Date: Sat, 31 Oct 2020 15:48:01 UTC

Severity: normal

Found in version 28.0.50

Done: Stephen Berman <stephen.berman <at> gmx.net>

Bug is archived. No further changes may be made.

To add a comment to this bug, you must first unarchive it, by sending
a message to control AT debbugs.gnu.org, with unarchive 44348 in the body.
You can then email your comments to 44348 AT debbugs.gnu.org in the normal way.

Toggle the display of automated, internal messages from the tracker.

View this report as an mbox folder, status mbox, maintainer mbox


Report forwarded to bug-gnu-emacs <at> gnu.org:
bug#44348; Package emacs. (Sat, 31 Oct 2020 15:48:02 GMT) Full text and rfc822 format available.

Acknowledgement sent to Pankaj Jangid <pankaj <at> codeisgreat.org>:
New bug report received and forwarded. Copy sent to bug-gnu-emacs <at> gnu.org. (Sat, 31 Oct 2020 15:48:02 GMT) Full text and rfc822 format available.
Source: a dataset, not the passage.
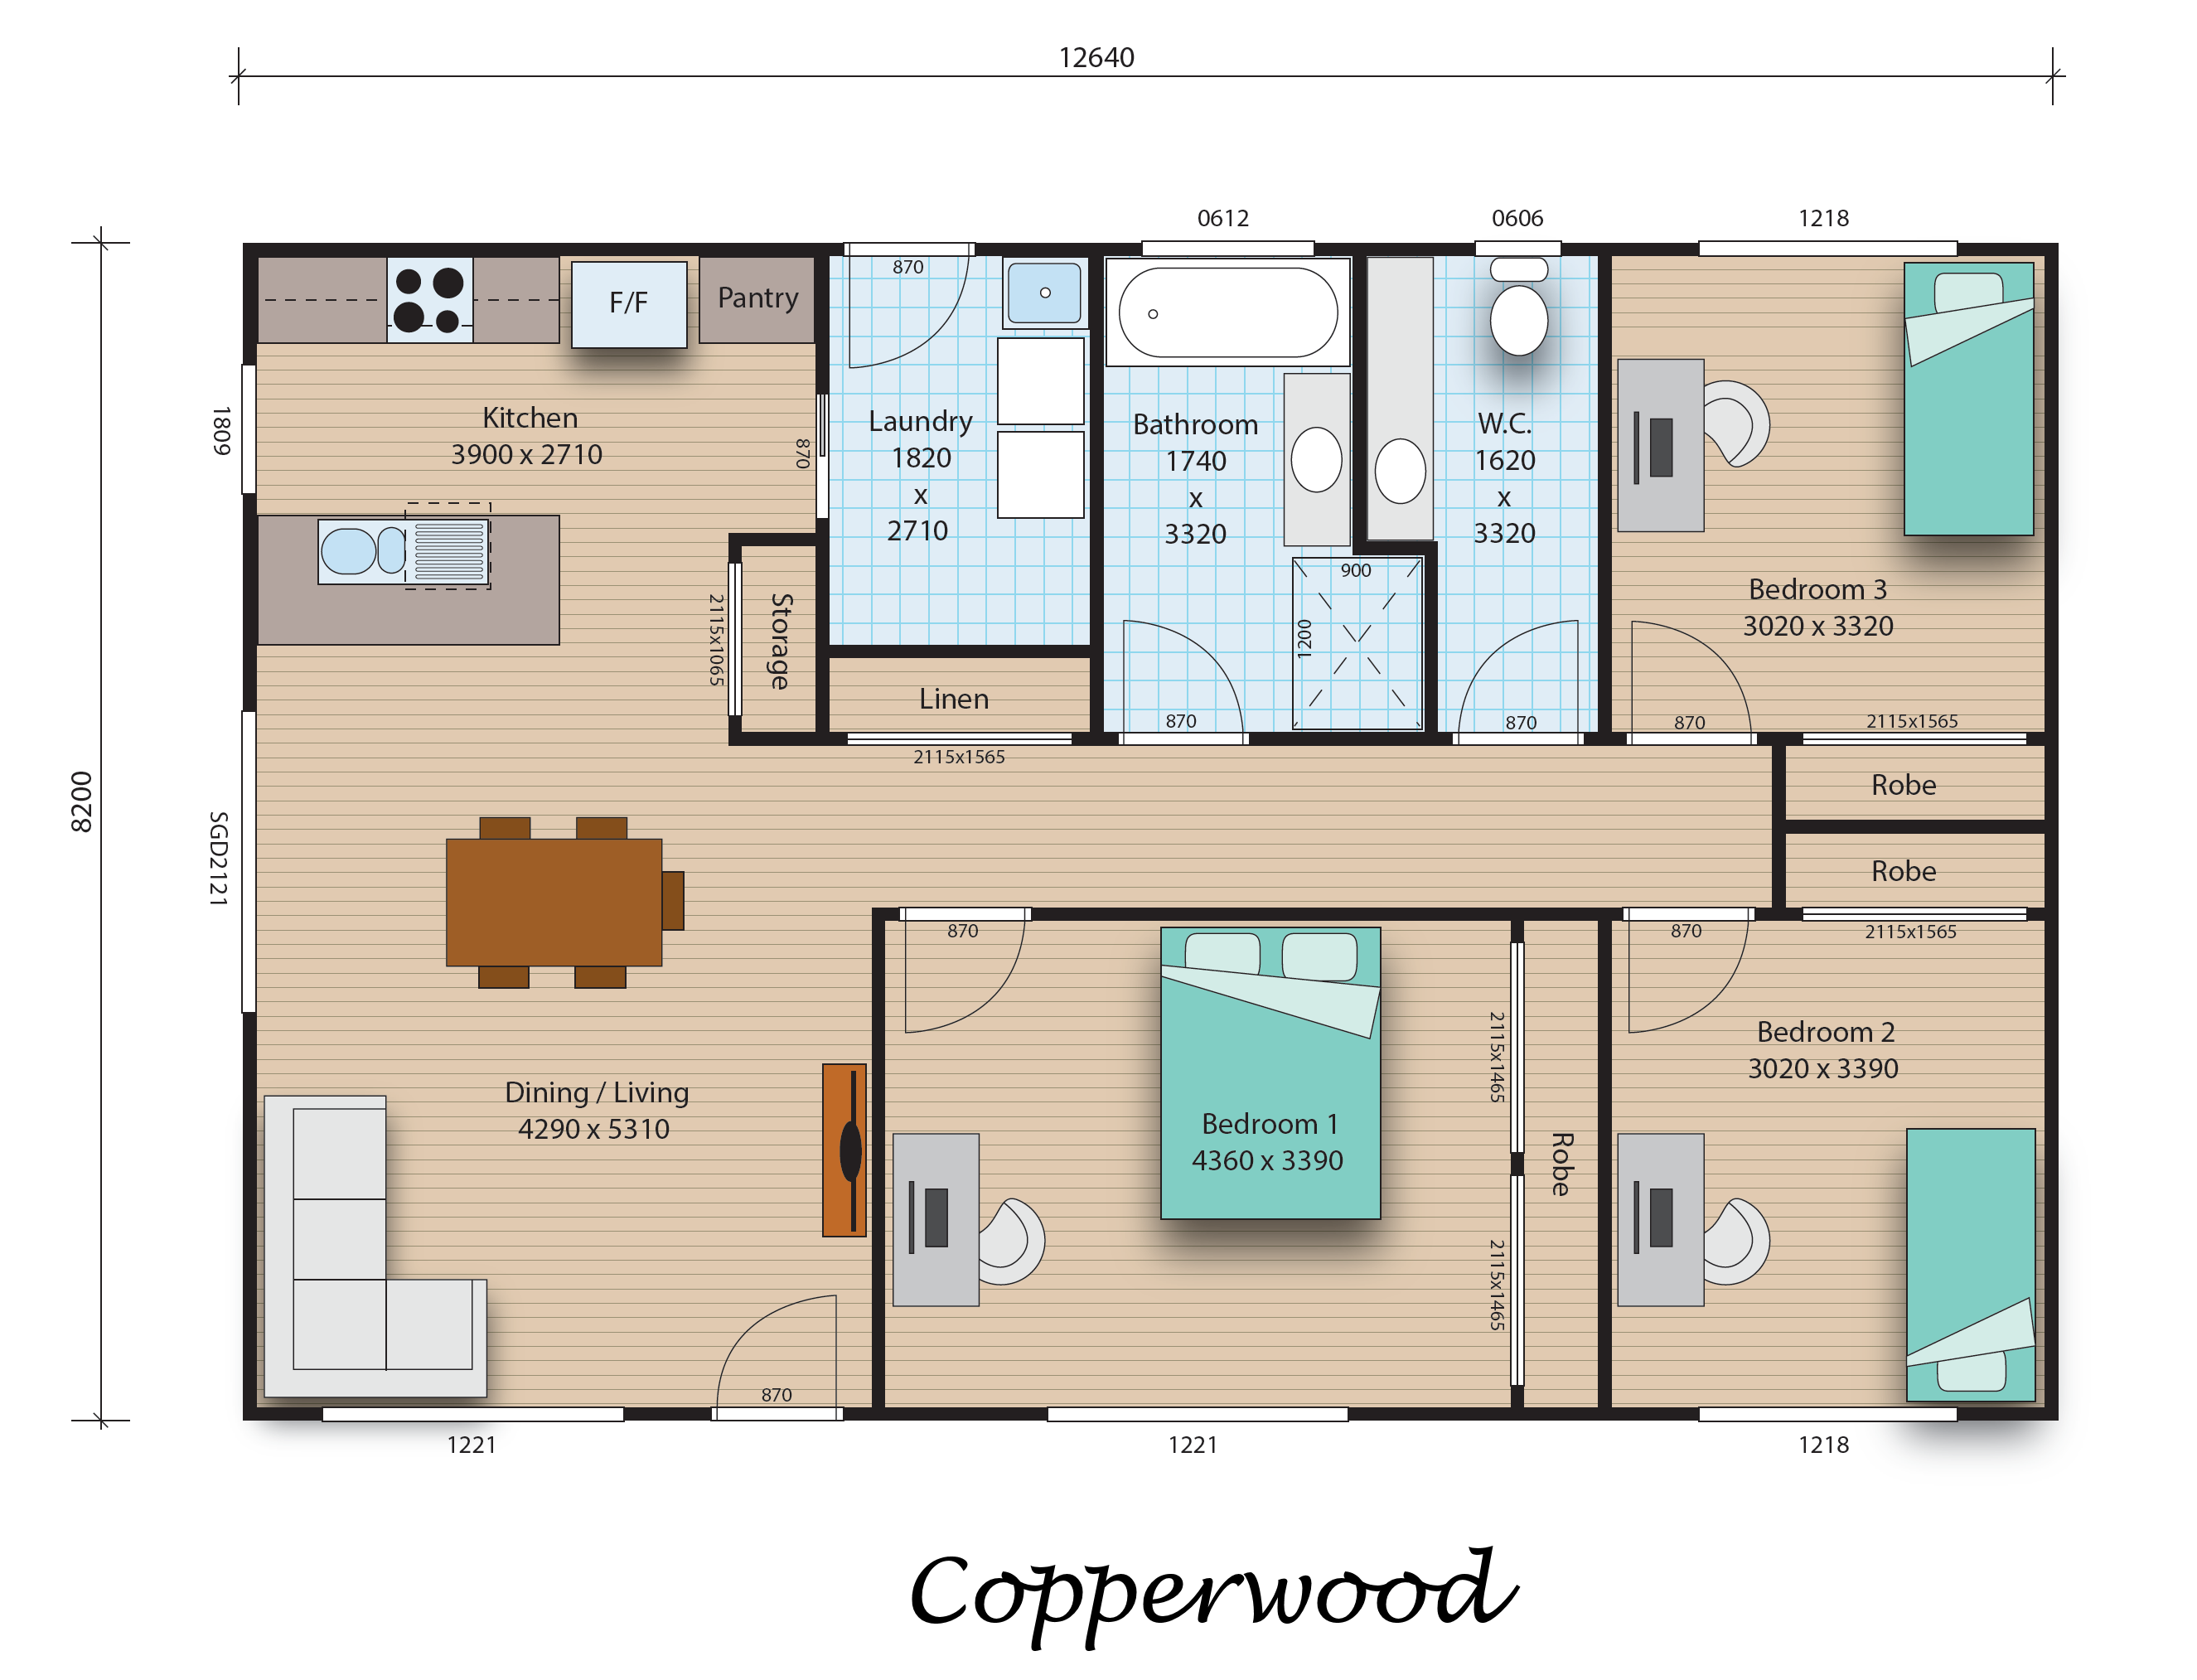 Copperwood floorplan image

Message #5 received at submit <at> debbugs.gnu.org (full text, mbox):

From: Pankaj Jangid <pankaj <at> codeisgreat.org>
To: bug-gnu-emacs <at> gnu.org
Subject: 28.0.50; eww renders xml processing element as is
Date: Sat, 31 Oct 2020 21:17:35 +0530
I published a webpage using org. The output has this xml element at the
top:

<?xml version="1.0" encoding="utf-8"?>

But this is rendered as it is in eww when I fetch it from the hosted
website.

When I view-source the element there is:

&lt;?xml version="1.0" encoding="utf-8"?>

Note that the opening angle bracket is converted to HTML entity type.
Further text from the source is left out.